Perhaps seeing the look on Jenn’s face, her instructor challenged her. “What? Are you going to have trouble using it?”
“We were all judged on whether or not we adopted agency language. I used the term. And that’s on me. But I should never have been taught it.”
As for the gender-based discrimination, that started the first day of basic training.
When Jenn joined the Border Patrol, the force included 5,000 agents, only 5% of whom were women. On the first day, in separate lecture rooms, the men were told that women didn’t belong, giving them license to bully and abuse their female counterparts. The women were told what was expected of them with regard to jewelry and how they could wear their hair.
Physical training was geared toward building upper body strength, even though the job, at least then, required the lower-body stamina necessary for hiking long distances and running.

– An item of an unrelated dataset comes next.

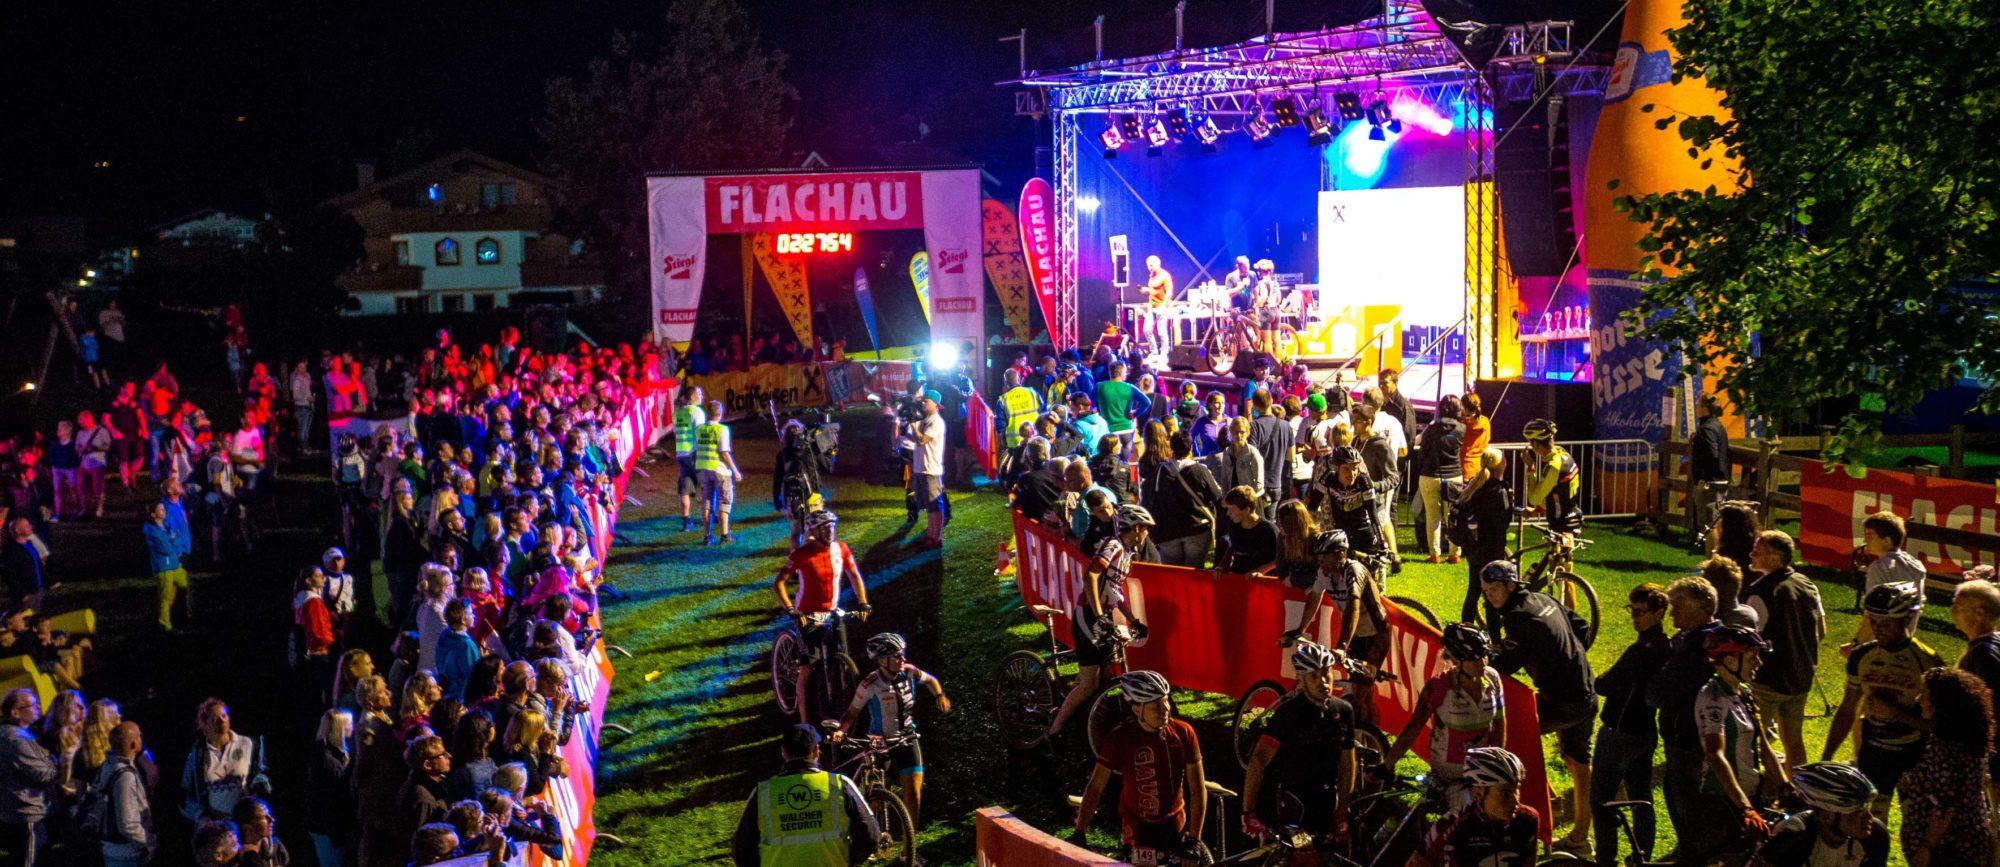 BIKE NIGHT FLACHAU CAMP 2018 powered by RAD.SPORT.SZENE
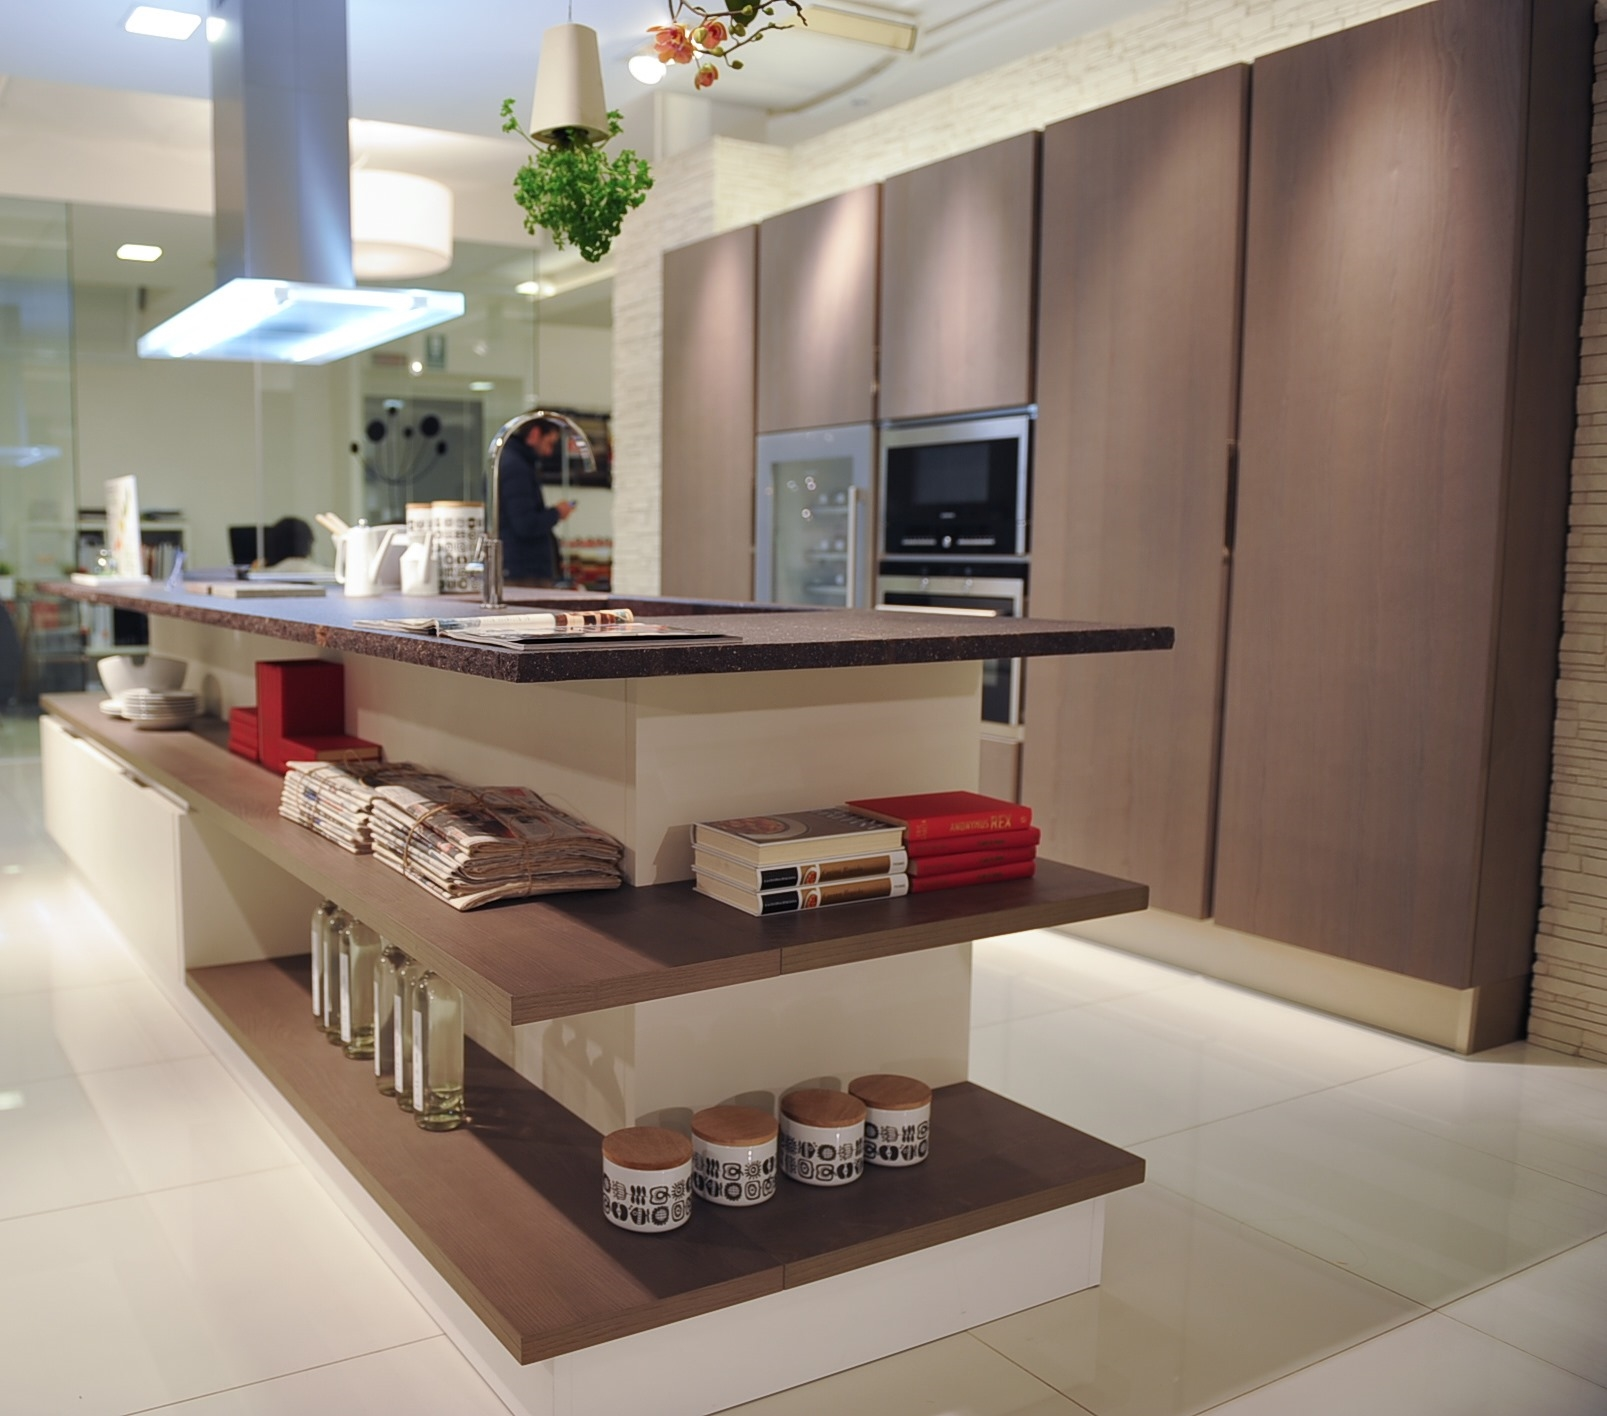 Cucina Veneta Cucine Tulipano Scontato Del 65 #48642D 1607 1416 Open Space Con Sala Da Pranzo

“The whole thing was set up to deliberately weed women out,” says Jenn. But even men gave up, finding it too hard. In three months, Jenn lost 30 pounds.
Then came the abuse. Jenn was the only woman in her cohort a lot of the time. She was constantly harassed. Male agents left used condoms in her mailbox. They hid keys from her so she was forced to patrol on foot. They gave her more risky details, sending her to isolated areas to patrol on her own. The message was clear: they wanted her to be their cheerleader, not their colleague; they wanted her to make them coffee, not join them in the field.
Female agents who’d entered the academy just ahead of Jenn warned her never to leave her drink alone. To do so would put her at risk of being drugged and raped. But it turned out drugs weren’t a pre-requisite for sexual assault. She was raped and beaten by a fellow trainee a month before their graduation.
Jenn was not allowed to call the police. “They have no jurisdiction over a Federal agency,” she was told. “We’ll handle this on the inside,” her superiors promised.
But nothing was ever done. Instead, she was forced to fight her attacker in physical training the very next day — black eye, bruised ribs, and all.
The Cult of the Green Line
Border Patrol training in those days lasted four months, in contrast to the six months required to qualify for any US police force. In addition to the physical testing, “You’re supposed to learn Spanish, immigration law, and how to operate firearms and large land-roving vehicles.”
Jenn was looking forward to all of it, but the law instruction turned out to be “altogether lacking. Nothing but multiple choice questions.” And any reference to the legal foundations or imperatives of the agency “was a joke.”
“Constitutional law wasn’t taught at all. There was nothing to help you understand the power of your role, nothing about US history, nothing about the history of the Border Patrol.”
Basic training was little more than induction by propaganda, according the Jenn — more like being inculcated into a cult. “We were told ‘you’re great, you’re heroes, you keep America safe from criminals and drug dealers;’ that no one understands the important job we do, that kind of thing, until we believed it. And we did.”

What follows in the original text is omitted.